TROSTLE, Kyle D., Earth and Atmospheric Science, Cornell University, 112 Hollister Ave, Ithaca, NY 14853, DERRY, Louis A., Earth and Atmospheric Sciences, Cornell University, Ithaca, NY 14853, VIGIER, Nathalie, Geochemistry, Centre de Recherches Petrographiques et Geochimiques, 15 rue Notre Dame des Pauvres, Vandoeuvre les Nancy, 54500, France and CHADWICK, Oliver A., Department of Geography, University of California, Santa Barbara, CA 93016,

Magnesium accumulates in carbonate in the dry volcanic soils of leeward Hawaii Island.

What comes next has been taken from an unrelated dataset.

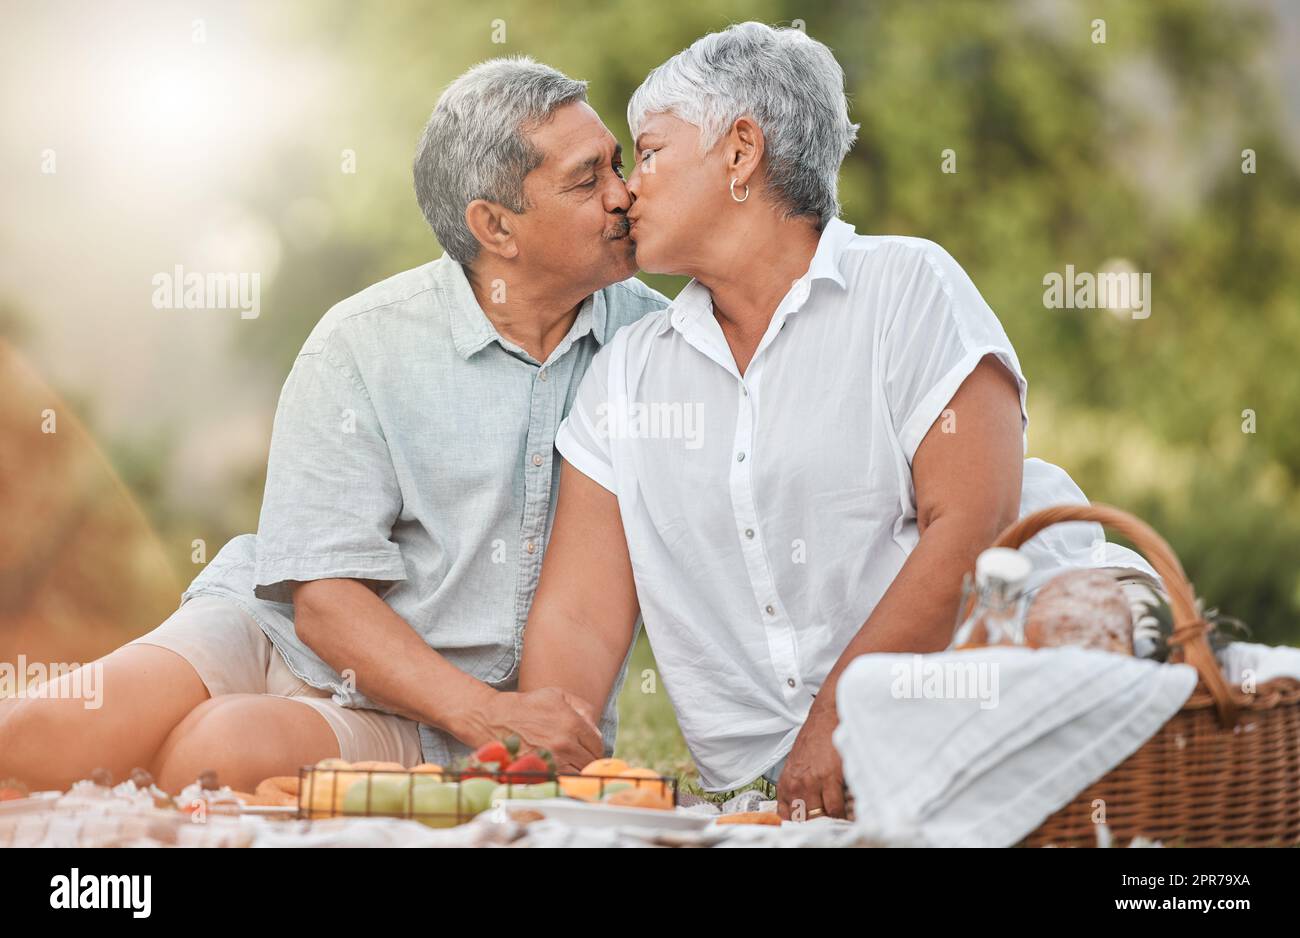 Les seules lèvres que je veux embrasser. Un couple mature embrassant pendant un pique-nique. Banque D'Images

This mineralogical fractionation is unusual because it is more common for Mg to end up in secondary clays. In an effort to understand more about the fate of Mg, we investigated the Mg isotopic values and Mg mass distribution in a soil developed on the 350 ka Pololu lava flow of the Kohala Volcano of Hawaii. Soil horizons from this site were subjected to bulk dissolutions and sequential extractions to isolate mineralogic fractions. The bulk Mg isotopic value for this soil was slightly heavier (δ26Mg =-0.12‰±0.58) than the parent material from which it developed (δ26Mg =-0.30‰±0.22). The sequential extraction fractions show that this overarching enrichment in the heavier isotopes of Mg in the soil is a small fractionation compared to the range of isotopic values expressed in different soil mineral pools. Adsorbed Mg (weighted average δ26Mg =-1.02‰±0.38), and Mg in carbonates (weighted average δ26Mg =-1.69‰±0.31) are isotopically lighter than simple mixing between Mg derived from parent material (δ26Mg =-0.30‰±0.22) and rainfall (δ26Mg =-0.89‰±0.14) would allow. Mg associated with organic matter (weighted average δ26Mg =-0.07‰±0.38) is isotopically heavier than parent material. Taking all three of these soil reservoirs of Mg together, 29% of the Mg present in the soil is accounted for, with an overall isotopic composition of δ26Mg =-1.29‰±0.70. We have yet to analyze the remaining soil sequential extraction fractions for isotopic compositions, but these must be enriched in isotopically heavy magnesium to satisfy mass and isotopic balance. The remaining soil fractions sampled by our sequential extraction consist of noncrystalline aluminosilicate phases, iron sesquioxides, kaolin minerals, and refractory phases. Of the remaining extractions, 45% of the Mg resides in the noncrystalline phases, and 10% resides in the iron sesquioxides. As soils develop on leeward Hawaii the relative proportions of these soil mineral fractions evolves, thereby suggesting that the overall Mg isotopic composition of the soil should evolve with time. Further insight into the development of Mg isotope fractionations in this soil are provided by investigating the amount of Mg remaining in the soil compared to a relatively immobile index element (Zr).